Dans les décennies qui viennent, l’épuisement continu des ressources en métaux critiques, dont le minage deviendra au fil des ans de plus en plus compliqué et de plus en plus coûteux, aura réduit mécaniquement les capacités industrielles, affectant la production des biens de consommation. En 2015, il y a presque dix ans, Ugo Bardi, chercheur et professeur de chimie à l’Université de Florence, commentait déjà cette tendance à la baisse : « Extraire les minéraux nécessite désormais 10% de l’énergie primaire mondiale, c’est énorme – trois fois la production nucléaire mondiale ! – et ça ne cesse d’augmenter. L’âge des minéraux bon marché est fini, on ne peut plus se permettre de les gaspiller. » Depuis, le situation a largement empiré et les stocks techniquement et économiquement exploitables s’amenuisent dangereusement. Demain, ils seront réduits à presque rien. En 2050, il devrait rester à peine 10% de l’aluminium, du cuivre, et du cobalt contenus sous terre. Moins de métaux signifiera nécessairement moins de produits neufs pouvant être manufacturés, assemblés et vendus.
À cela, il faut ajouter que l’abandon progressif des hydrocarbures, aussi bien comme source d’énergie que comme intrant industriel, condition indispensable à la décarbonation, compliquera la commercialisation d’un grand nombre de biens de consommation incluant du pétrole dans leur fabrication, et la liste est longue… Cela va des vêtements aux produits de beauté, du dentifrice aux adhésifs, et des verres de lunettes aux appareils électroménagers.
En réalité, le tournant vers la seconde main que l’on observe actuellement, avec une importante montée en puissance du réusage chez de nombreuses enseignes, n’a pas uniquement une vocation écologique mais doit permettre aussi, tout comme le principe de durabilité, de garantir la pérennité du commerce dans un monde ou le produit neuf sera devenu rare, pour ne pas dire l’exception.

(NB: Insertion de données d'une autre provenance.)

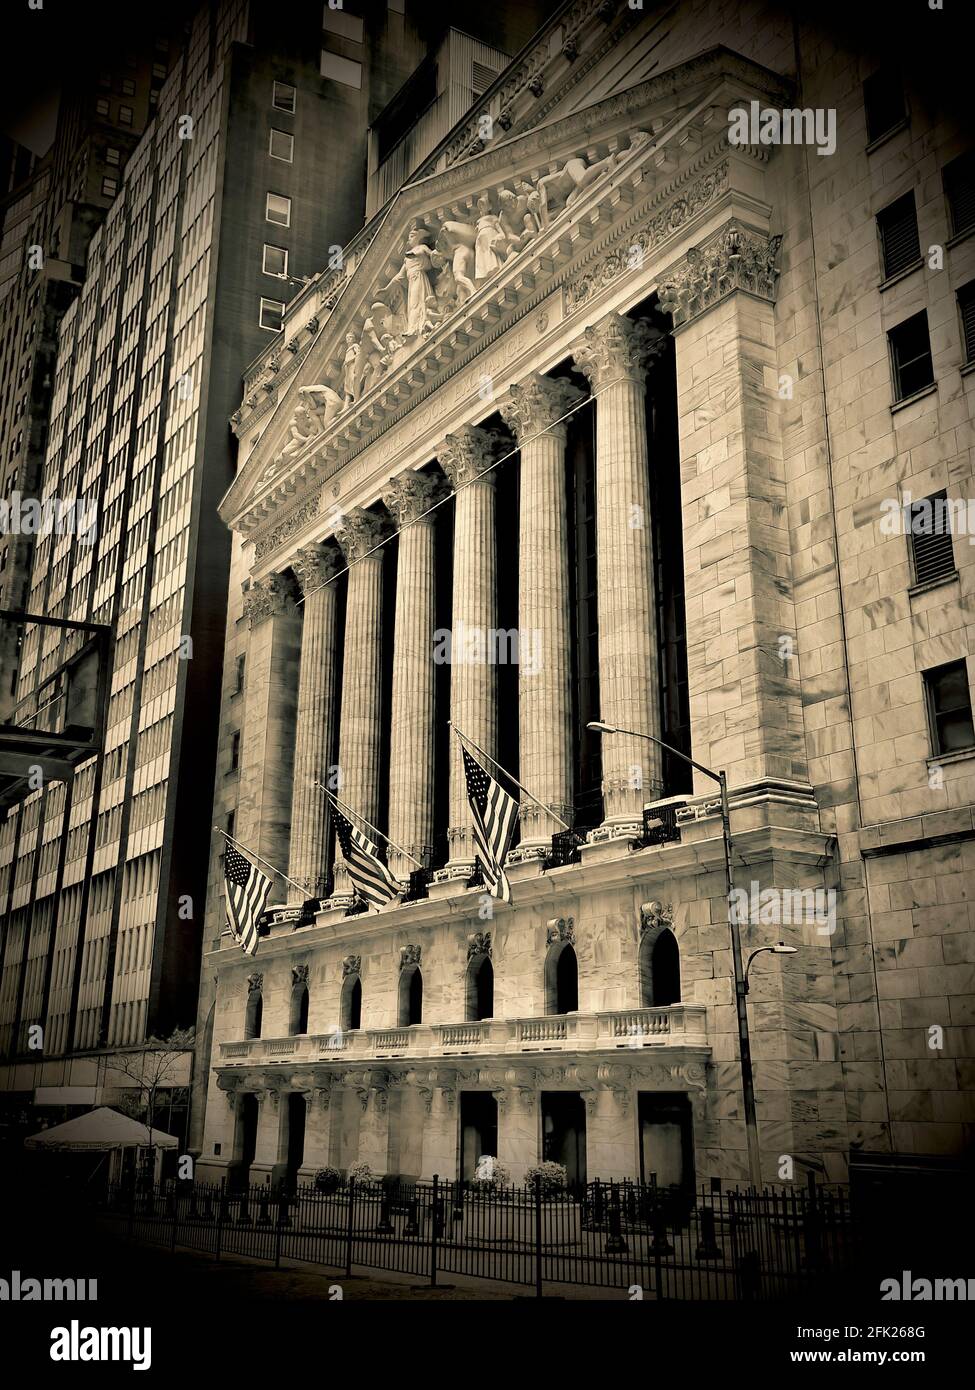 New York Stock Exchange building facade in lower Manhattan’s Financial District. Stock Photo
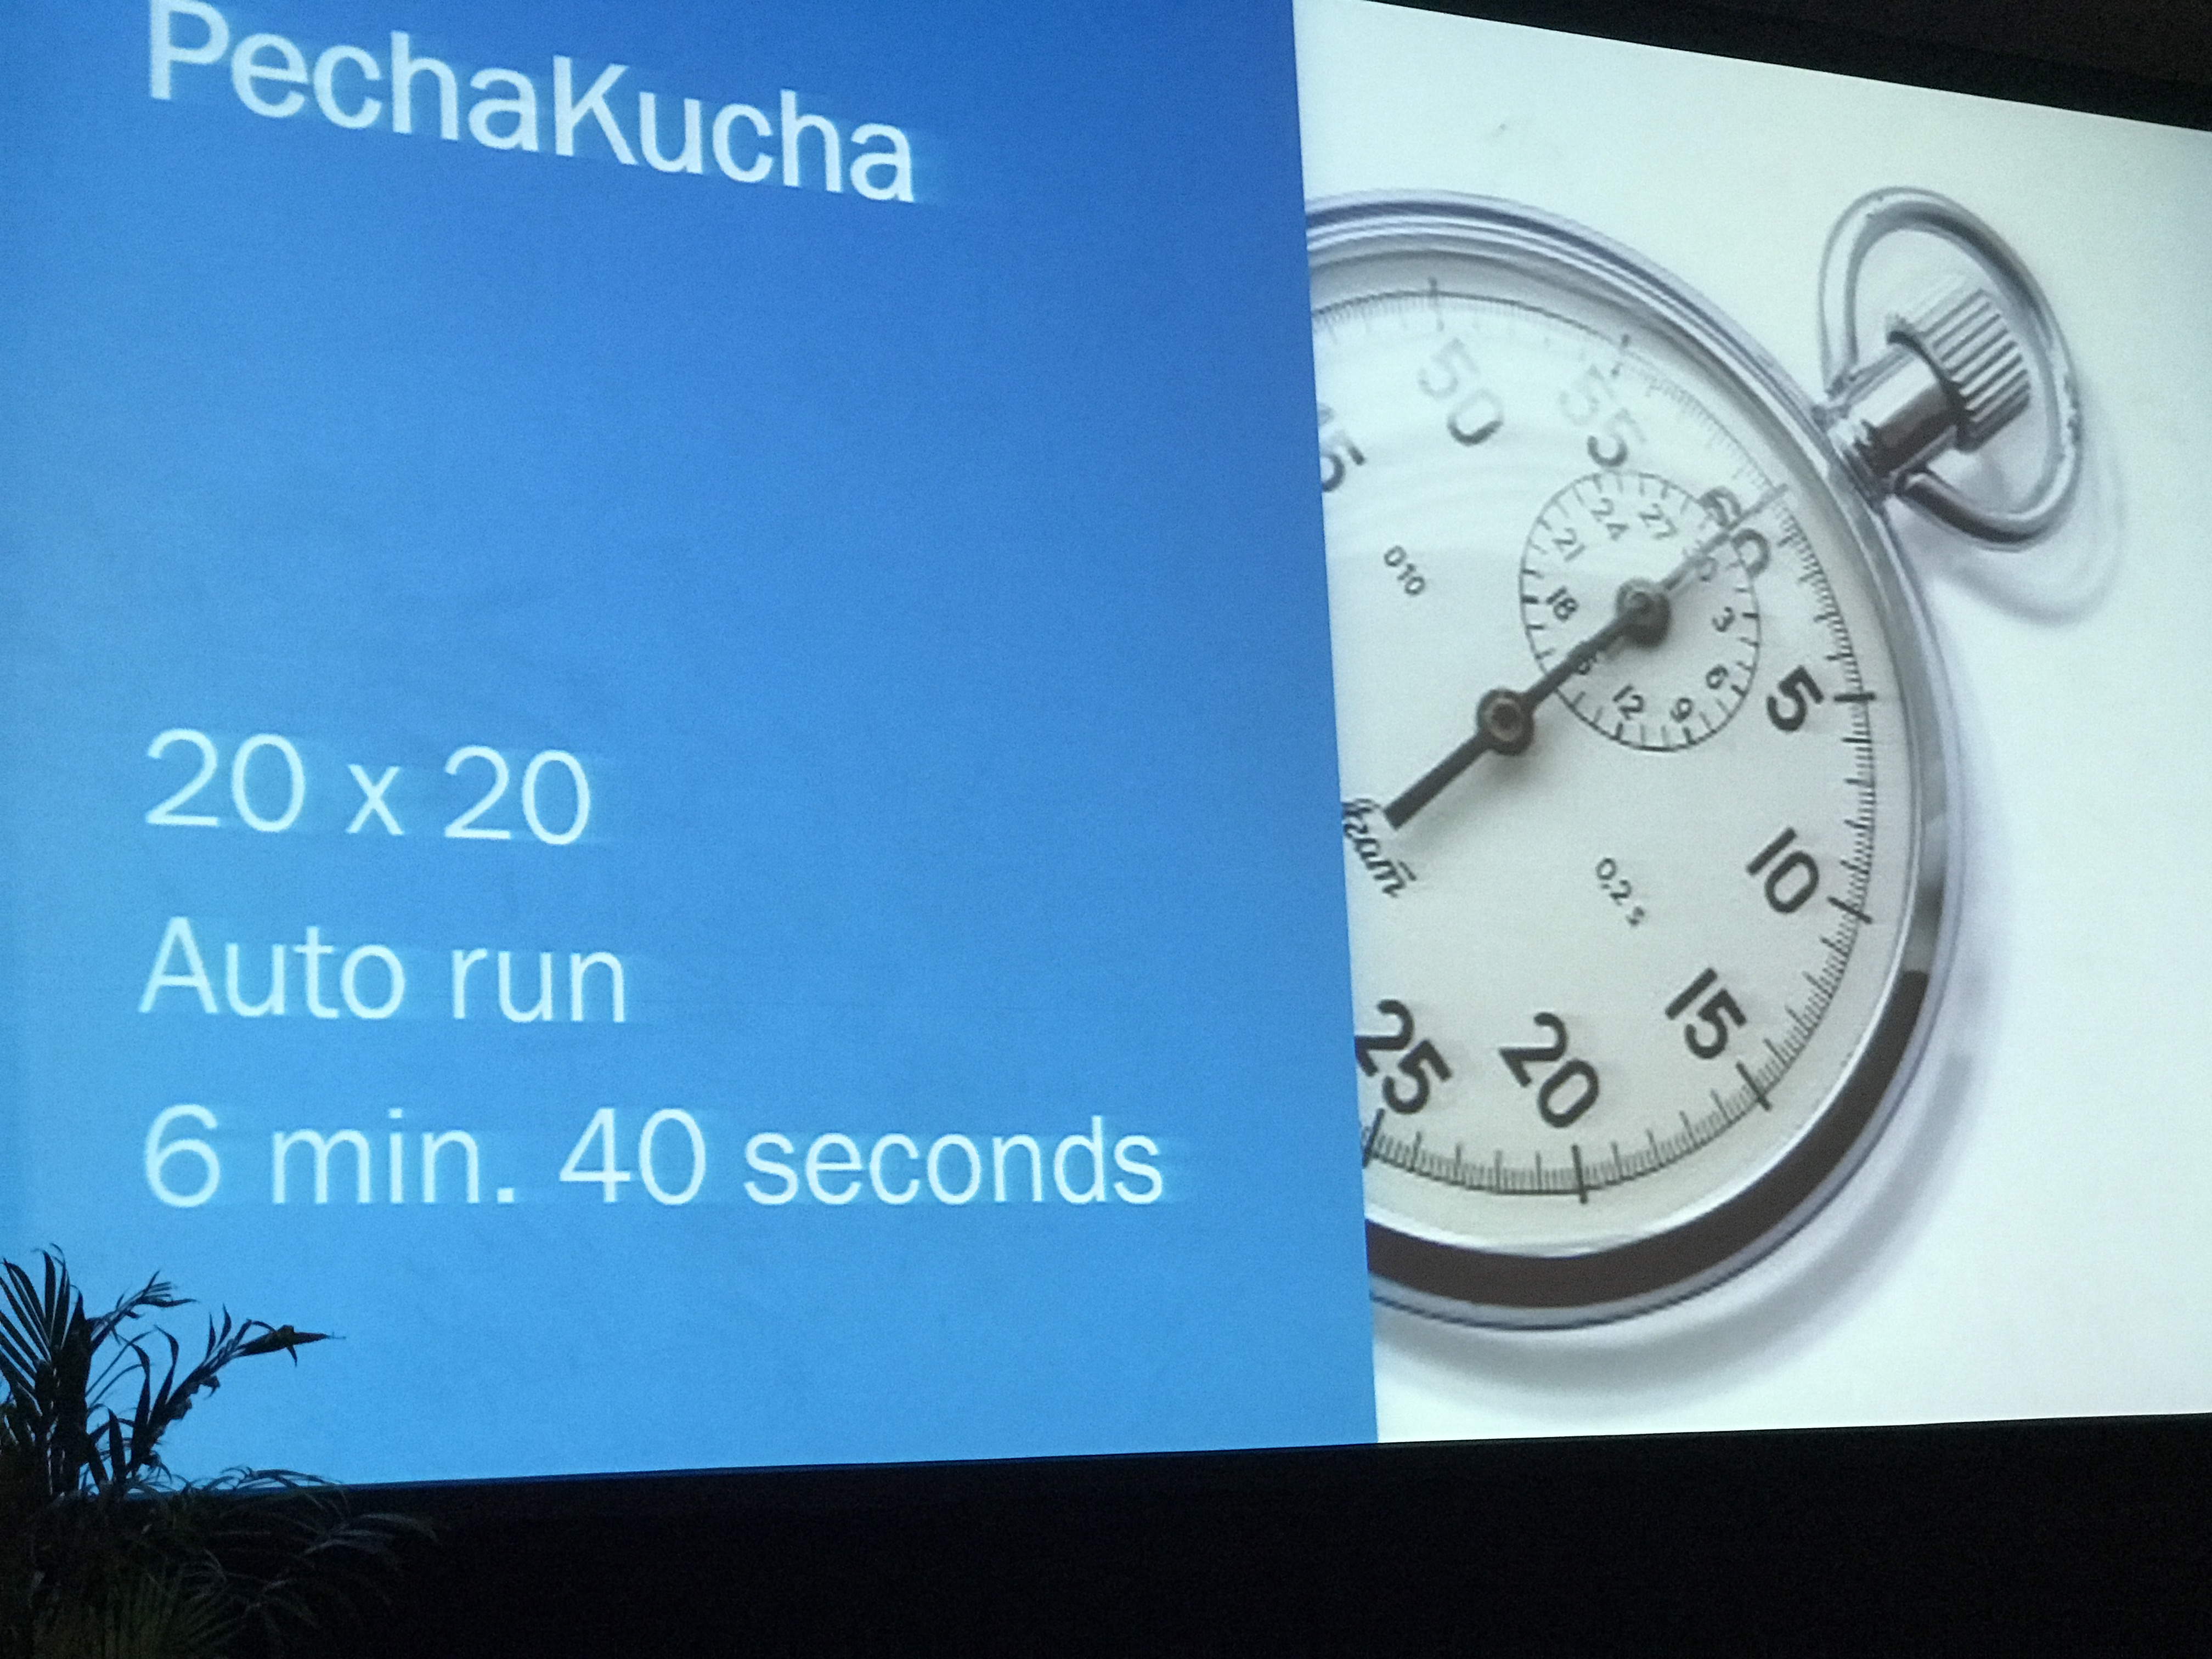 pechakucha rules: 20 slides, 20 seconds each, auto-advance

C’est ce qui fait que demain, la principale activité des détaillants pourrait être de vendre des services. A mesure que l’offre en nouveautés diminuera, le retail devra réorienter une grande partie de ses propositions vers la réparation, l’entretien, le conseil et la maintenance.
En 2050, dans un monde qui sera devenu climatiquement instable, le retail aura repensé son organisation et fait évoluer son fonctionnement, sans véritablement avoir le choix de faire autrement. C’est dès à présent que les acteurs du secteur doivent opérer les transformations qui s’imposent, car si les différents bouleversements à venir sont connus, les différentes solutions à mettre en œuvre le sont aussi.